Each container included 4 liters of distilled water and 3 g of dried mixed oak and beech litter collected from the floor of Hudson Woodland, MSU Campus. In addition, 40 ml (1:100 concentration) of a solution of inorganic nutrients and glucose (5 ppm nitrate-N, 0.5 ppm phosphate-P, 5 ppm sulfate-S, and 20 ppm glucose; Kaufman et al. 2002), were added to encourage the development of biofilms. In the August trial, three unglazed ceramic tiles measuring 6.35 × 6.35 cm were also placed in each container for later quantification of benthic algal growth. Containers were inoculated with 4 ml of an algal inoculum collected from a water-filled scrap tire in Hudson Woodland. The algal inoculum was composed primarily of filamentous Chlorophytes and Scenedesmus. The containers were then covered with white tulle to prevent mosquito access and allowed to incubate under their respective shade treatments for a period of 10 d. After that time, the white tulle was removed and egg collections began. To determine the degree to which the shade treatments altered water temperature within the containers, the temperature was measured every 30 min in one full sun and one full shade container during each experimental trial using submerged temperature loggers (TidbiT v2 Temperature Logger, Onset, Bourne, MA).

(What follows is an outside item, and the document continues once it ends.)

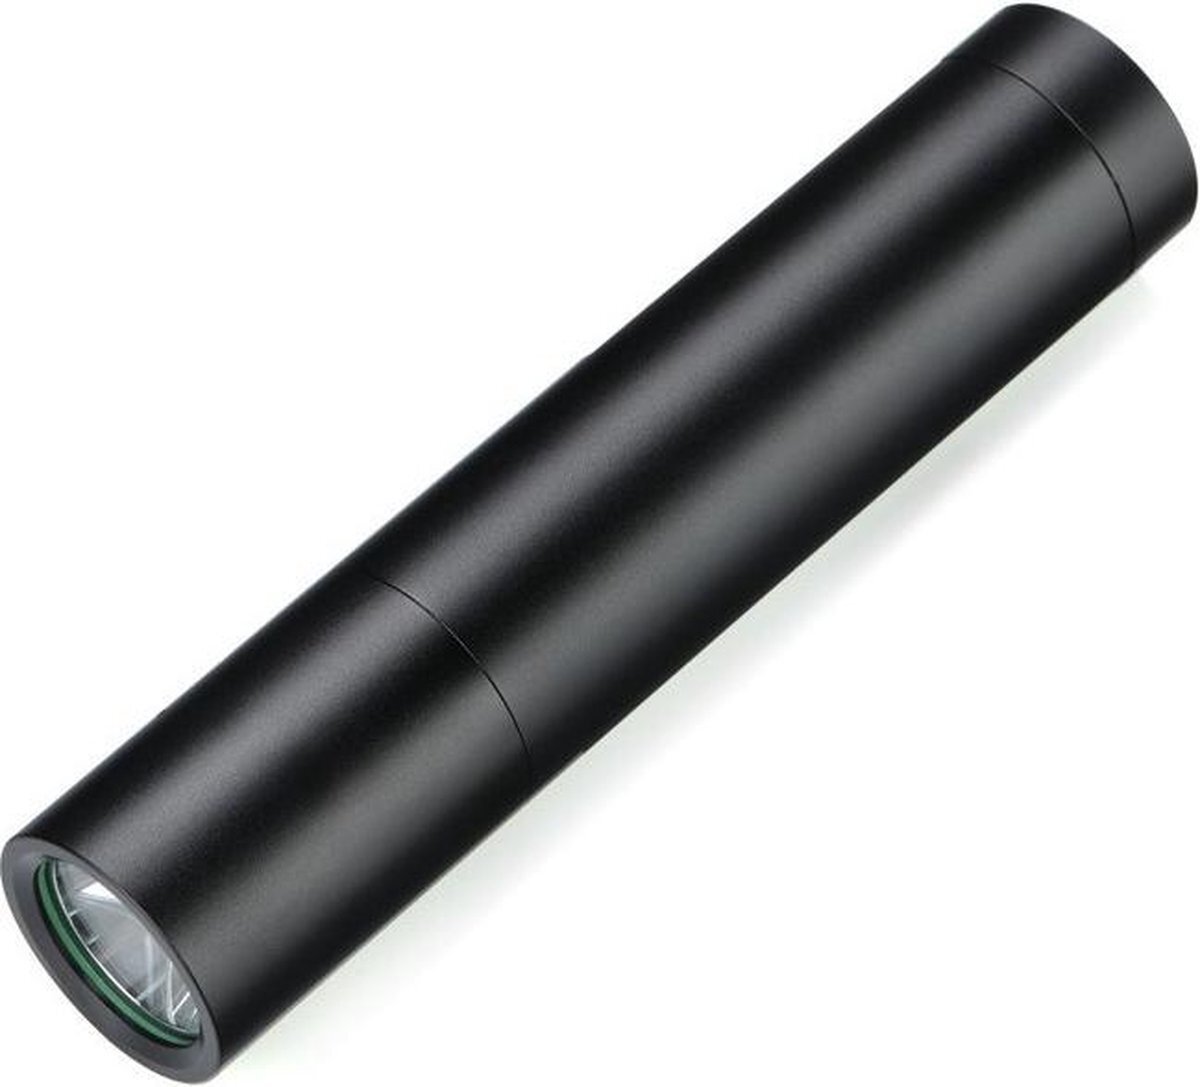 Behave LED Zaklamp - Oplaadbaar - 350 Lumen - 5W - 0-200m - IP45 Waterdicht - 14500 Lithium batterij - Inzoombaar - Aluminium - Incl. Oplader - Zwart

Egg Collection and Processing

Ovipositional activity of Ae. j. japonicus females is greatest during the hours just after dusk and just before dawn (Scott 2003). To avoid any confounding effects of shading by the canopies themselves on oviposition behavior, canopies were removed at dusk and replaced at dawn during experimental trials. The inside of each container was lined with seed germination paper to facilitate egg collection, as Ae. j. japonicus oviposits on vertical surfaces just above the water line. At dawn on each day of each experimental trial, egg-laden papers from the previous night were collected and canopies were replaced. At dusk, canopies were removed and the sides of the containers were carefully checked for any eggs that had been laid during the day, before new oviposition papers were added to the containers. Any eggs that had been laid during the daytime were collected, placed onto damp paper towels in self-sealing plastic bags, and transported back to the laboratory. Upon collection at dawn, egg papers were placed into self-sealing plastic bags and returned to the laboratory. All eggs were counted under a dissecting microscope and stored for 10 d at 25 ± 1°C under a photoperiod of 16:8 (L:D) h regime before being hatched in broth composed of distilled water, yeast, and Proflo (Dulmage 1971). Larvae were reared to the third or fourth instar, then killed and preserved in a solution of 70% ethanol. All larvae were later identified to species according to Darsie and Ward (2005) and counted under a dissecting microscope. We hatched and identified larvae from our eggs to distinguish eggs of Ae. j. japonicus from other species.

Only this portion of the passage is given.